Parte anche da questo dato di fatto l'inchiesta sulla popolazione straniera detenuta negli istituti di pena sardi presentata questa mattina a Oristano dalla Delegazione regionale delle Caritas della Sardegna, nell'ambito di un convegno organizzato in collaborazione con la Conferenza regionale Volontariato Giustizia.
L'obiettivo di questa indagine, come ha spiegato la referente del Gruppo regionale Promozione Umana-Settore Carcere, Giovanna Lai, è duplice: da una parte capire quali sono i problemi e le difficoltà di questi detenuti, dall'altra individuare percorsi e interventi di "accompagnamento sociale" finalizzati a una effettiva integrazione. "A fine pena, oltre alle porte del carcere per queste persone si devono aprire anche le porte delle città", ha detto ancora Giovanna Lai.
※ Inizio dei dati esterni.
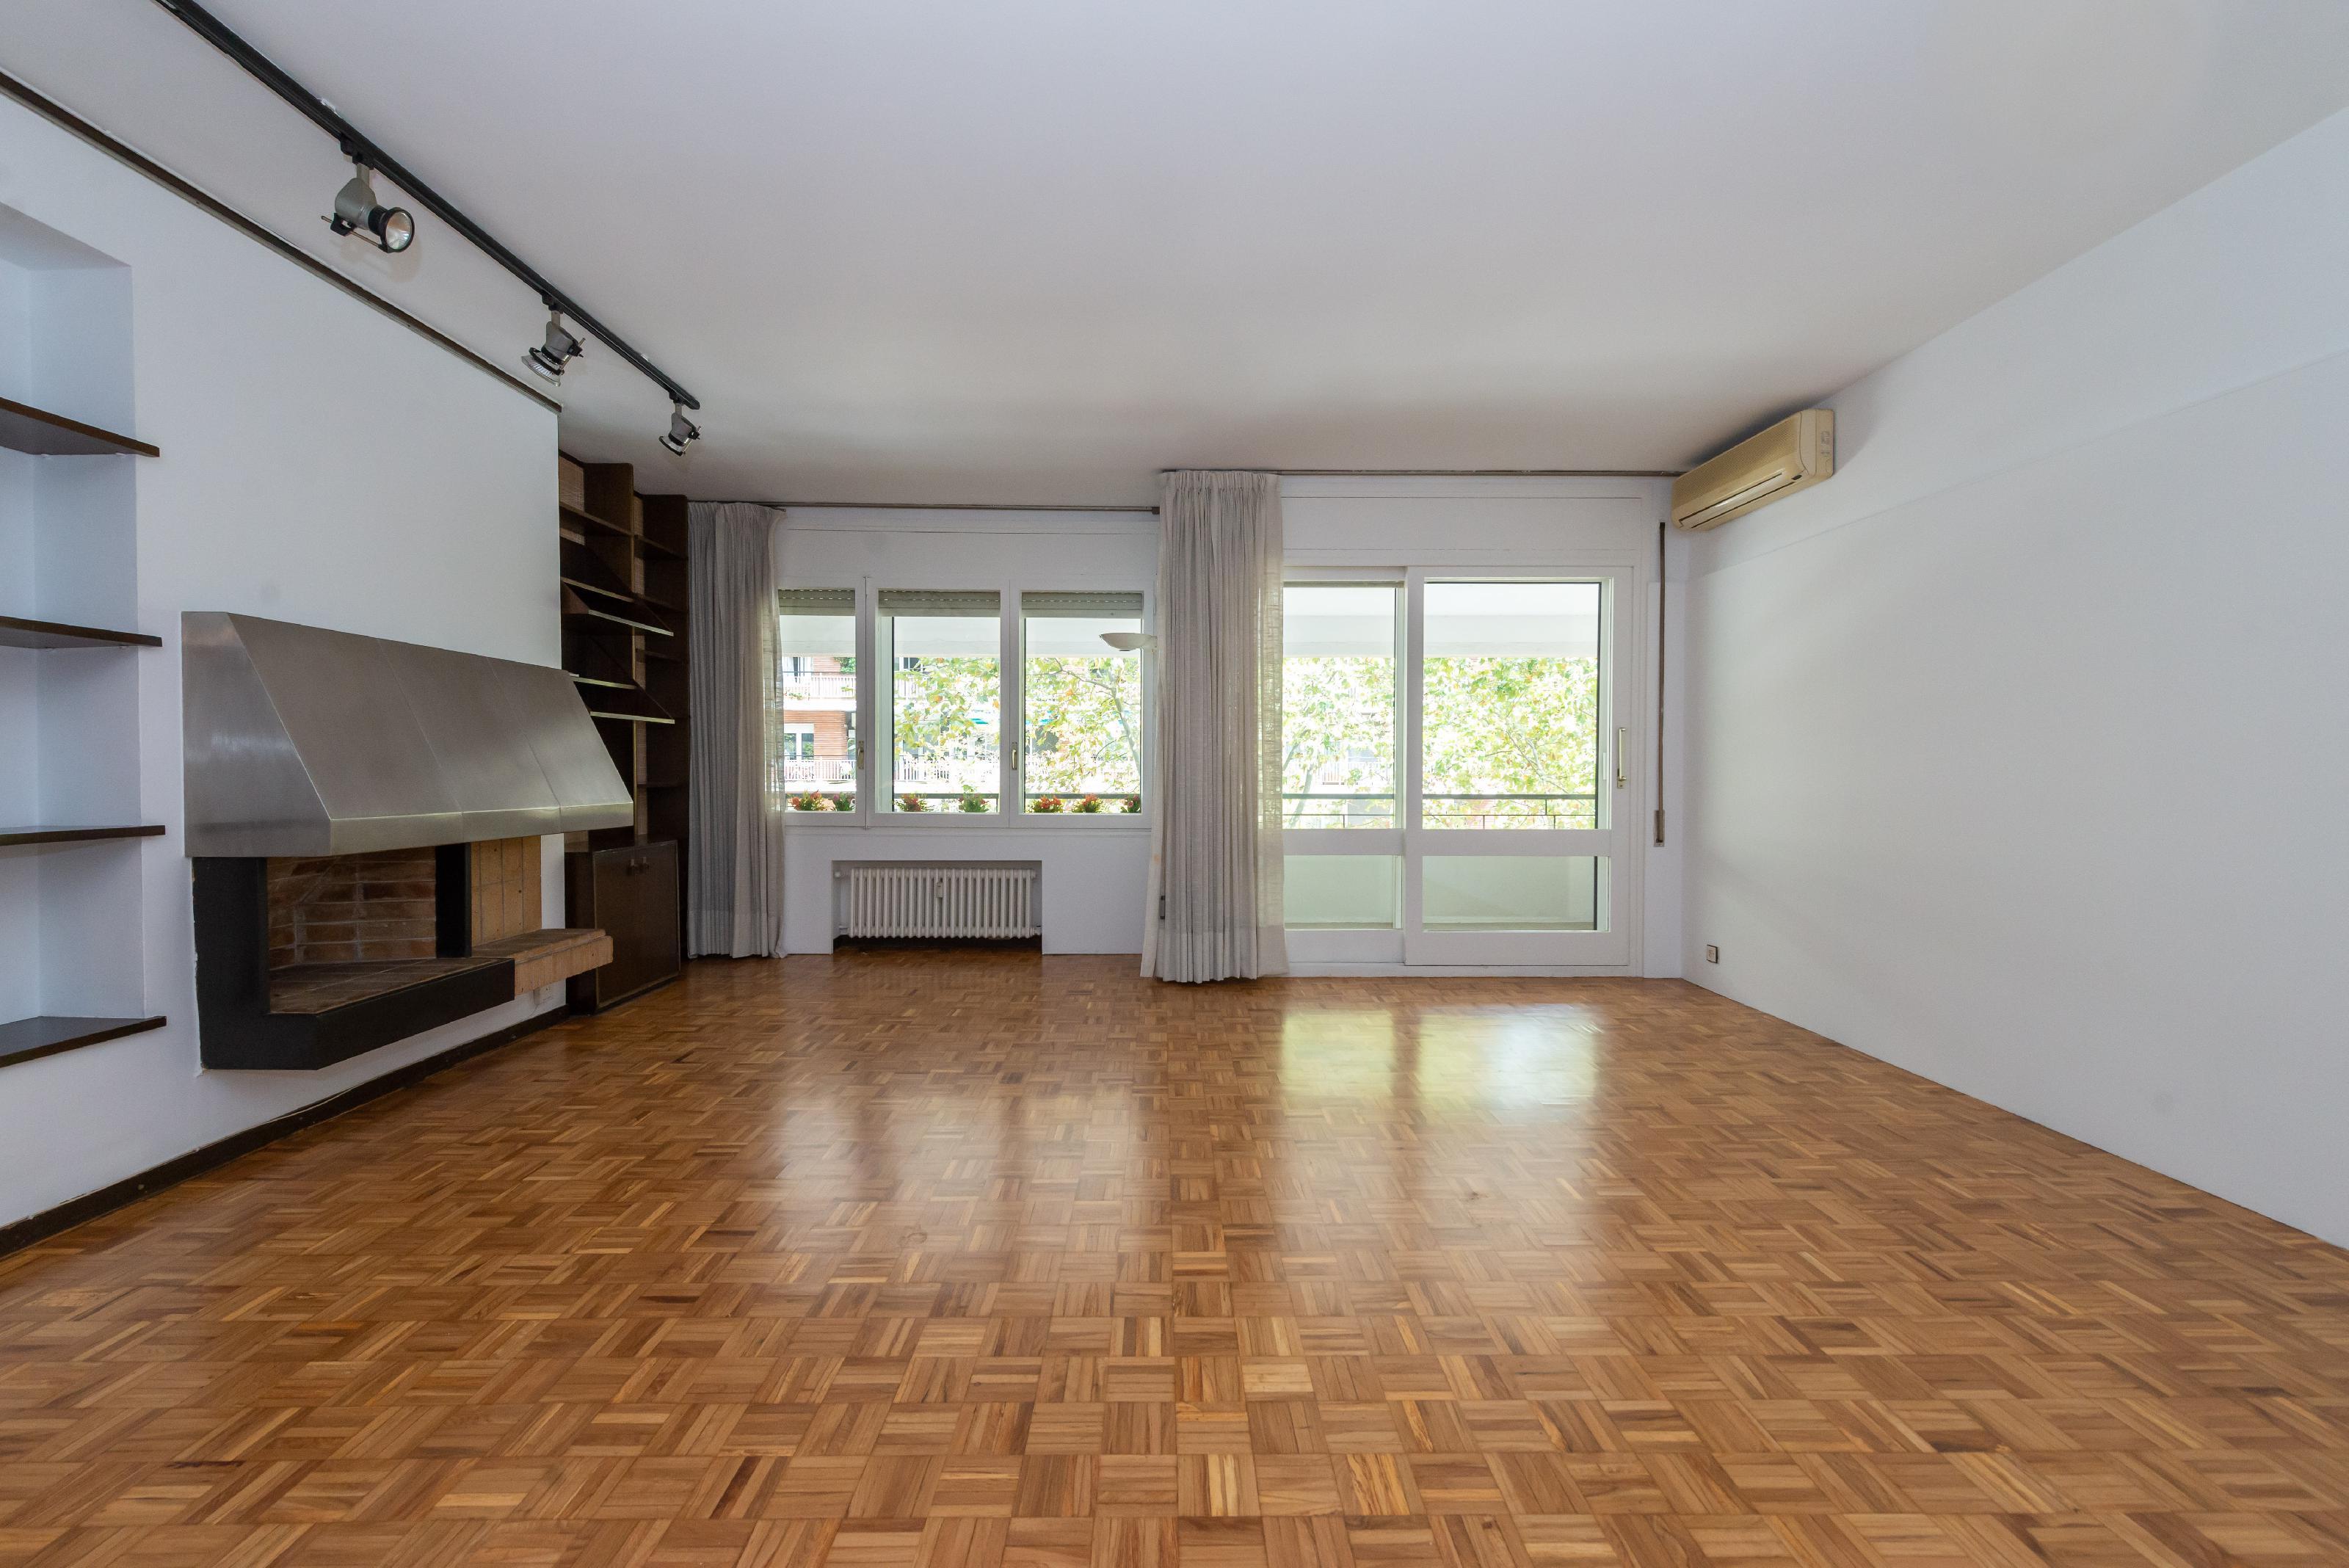 253470 Flat for sale in Sarrià-Sant Gervasi, El Putxet and Farró 11

L'inchiesta è stata condotta negli istituti di pena di Cagliari, Iglesias, Isili, Massama, Nuoro, Onanì e Tempio Pausania coinvolgendo più di 300 detenuti (tra i quali però solo sei donne), provenienti per la maggior parte dal continente africano e arrivati in Sardegna dopo periodi di detenzione cominciati fuori dall'isola. Il 60 per cento per reati legati al traffico e allo spaccio di stupefacenti, un altro 20 per cento per reati contro il patrimonio. I problemi più grossi sono le difficoltà di relazione non solo con gli altri detenuti ma anche con il personale penitenziario, le difficoltà economiche legate alla mancanza di una rete familiare di sostegno, e la quasi impossibilità per molti di accedere a misure alternative e benefici di legge.
L'indagine è andata oltre gli aridi numeri delle statistiche con 16 storie di vita raccontate da altrettanti detenuti e raccolte nel volume "Caritas: dentro e fuori dal carcere".